1. Use pretrained models when possible
2. Match architecture to task
3. Consider compute budget
4. Scale model size with data size
5. Monitor memory usage

Overview

This skill catalogs modern deep neural network architectures for vision, NLP, and multimodal tasks, including CNNs, RNNs, Transformers, and Vision Transformers. It summarizes design patterns, trade-offs, and common pretrained models to help you pick and prototype architectures quickly. The content focuses on practical choices for training, inference, and scaling.

How this skill works

The skill explains core building blocks (convolutions, attention, feed‑forward blocks, patch embedding) and shows compact reference implementations for CNNs, Transformer blocks, and ViT-style models.
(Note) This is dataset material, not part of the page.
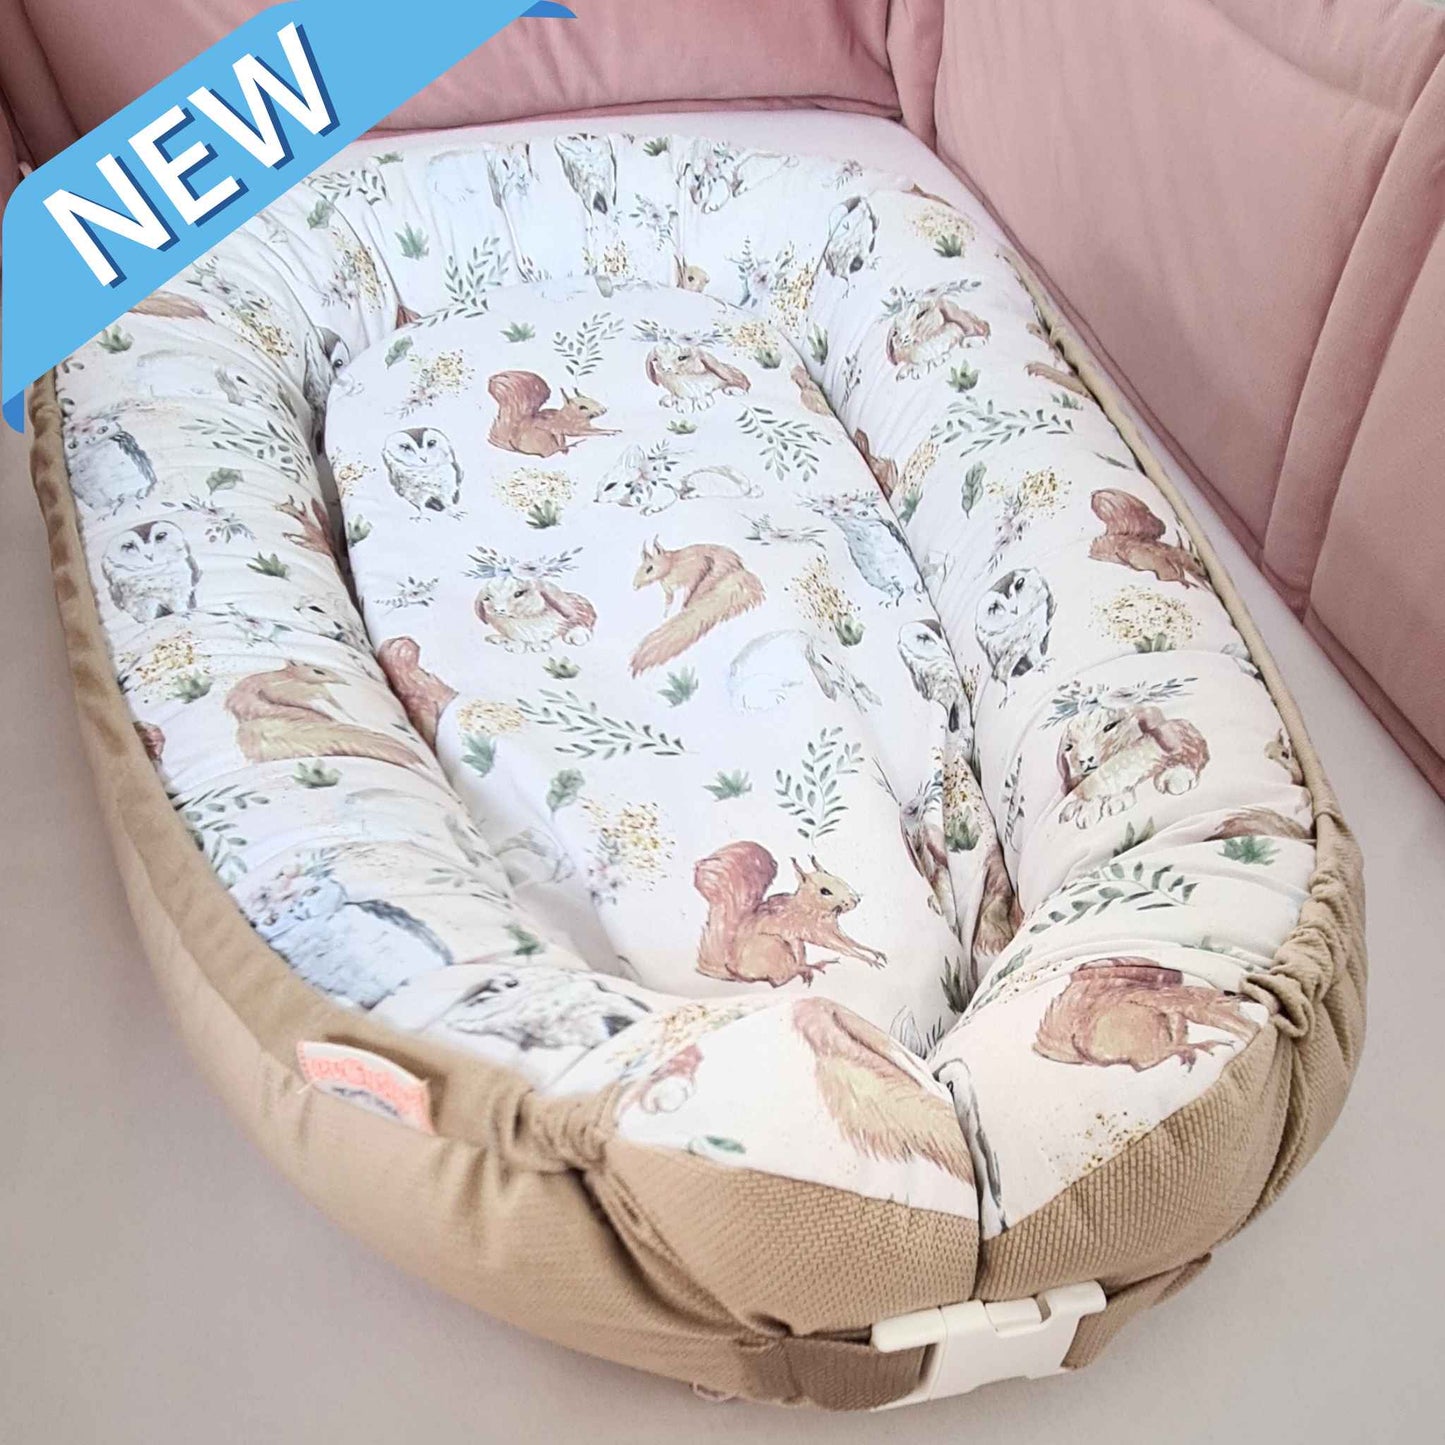 Cuddle Up - Cozy Baby Nest 0+ Months Whimsical Woodland Wonderland
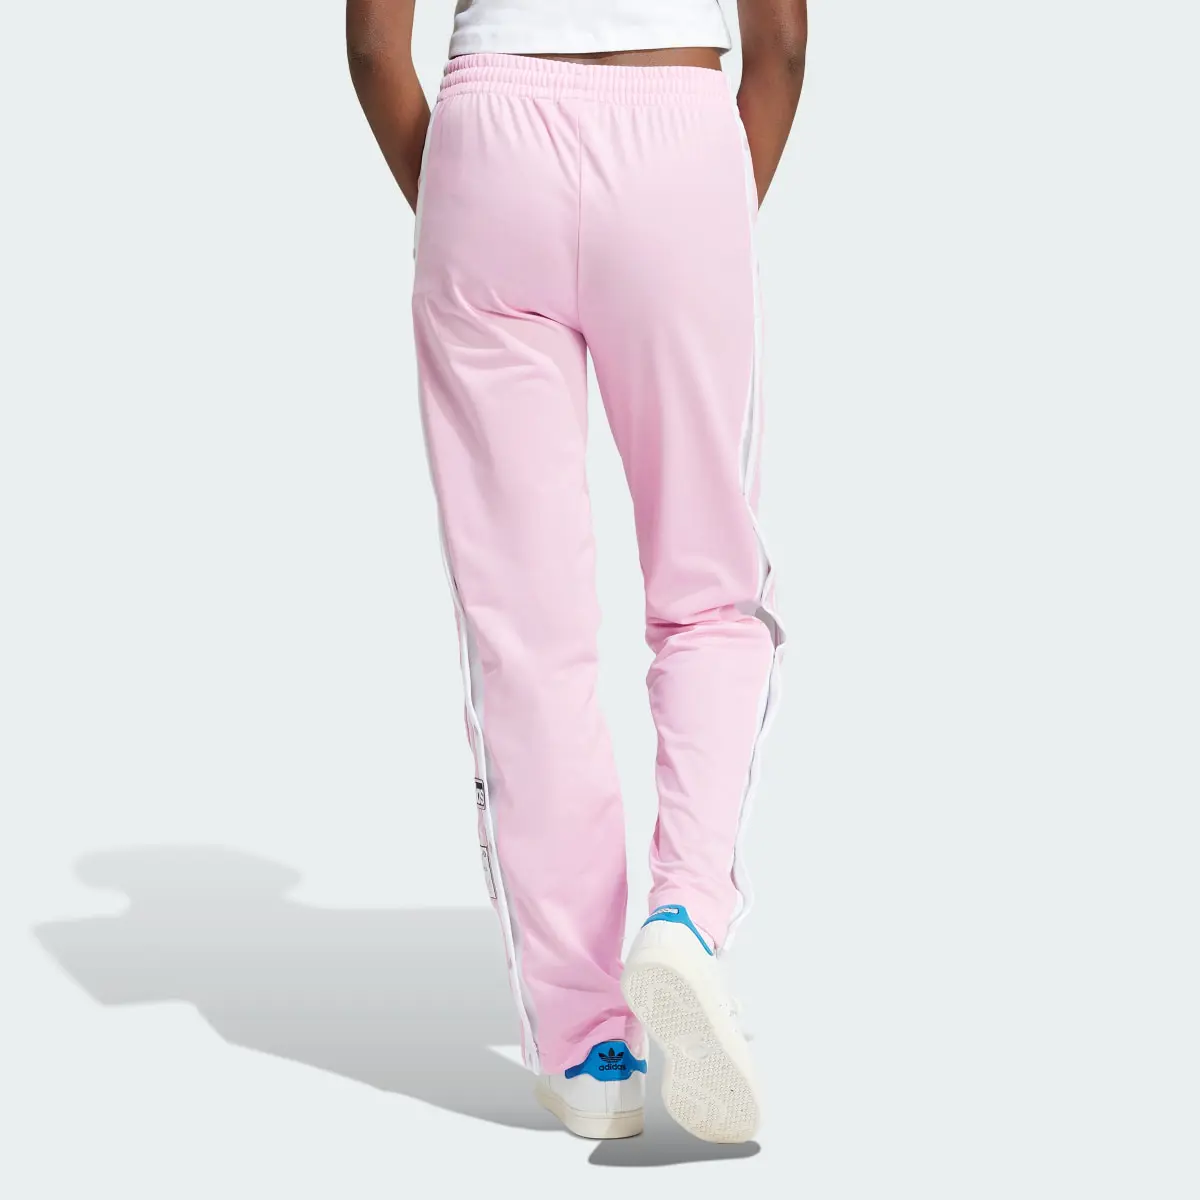 Adidas Adibreak Pants. 2

It compares architectures by typical use cases, parameter ranges, and inference characteristics, and links to widely used pretrained models for quick experimentation. Best practices highlight when to reuse pretrained weights, how to match model size to data, and how to manage compute and memory.

When to use it

  • Image classification or feature extraction — use CNNs or ViT depending on scale and compute.
  • Language understanding or sentence encoding — use Transformer encoders like BERT.
  • Text generation or autoregressive tasks — choose decoder or encoder–decoder transformers (GPT family, T5).
  • Multimodal tasks (image captioning, retrieval) — use pretrained multimodal models like CLIP or BLIP.
  • Prototype quickly with pretrained weights, then scale or adapt architecture to dataset size.

Best practices

  • Start from pretrained checkpoints for faster convergence and improved accuracy.
  • Match model capacity to dataset size to avoid underfitting or overfitting.
  • Account for inference constraints: smaller, efficient models for CPU/edge; larger models for GPU/TPU.
  • Use LayerNorm, residual connections, and dropout in Transformers for stable training.
  • Monitor memory and batch size trade-offs; use gradient accumulation or mixed precision when needed.

Example use cases

  • Train a compact CNN for on‑device image classification with limited compute.
  • Fine‑tune a ViT or EfficientNet on a medium‑sized vision dataset for improved accuracy.
  • Fine‑tune BERT for sentence classification or NER tasks in NLP pipelines.
  • Use a pretrained CLIP or BLIP model for multimodal retrieval or captioning with minimal training.
  • Prototype text generation or summarization using GPT or T5 variants, scaling model size as budget allows.

FAQ

Should I always use pretrained models?

Use pretrained models when available; they significantly speed up convergence and improve performance, especially with limited labeled data.

When should I prefer ViT over CNNs?

Prefer ViT when you have large-scale data and GPU resources; lightweight CNNs or hybrid architectures are better for small datasets or CPU/edge inference.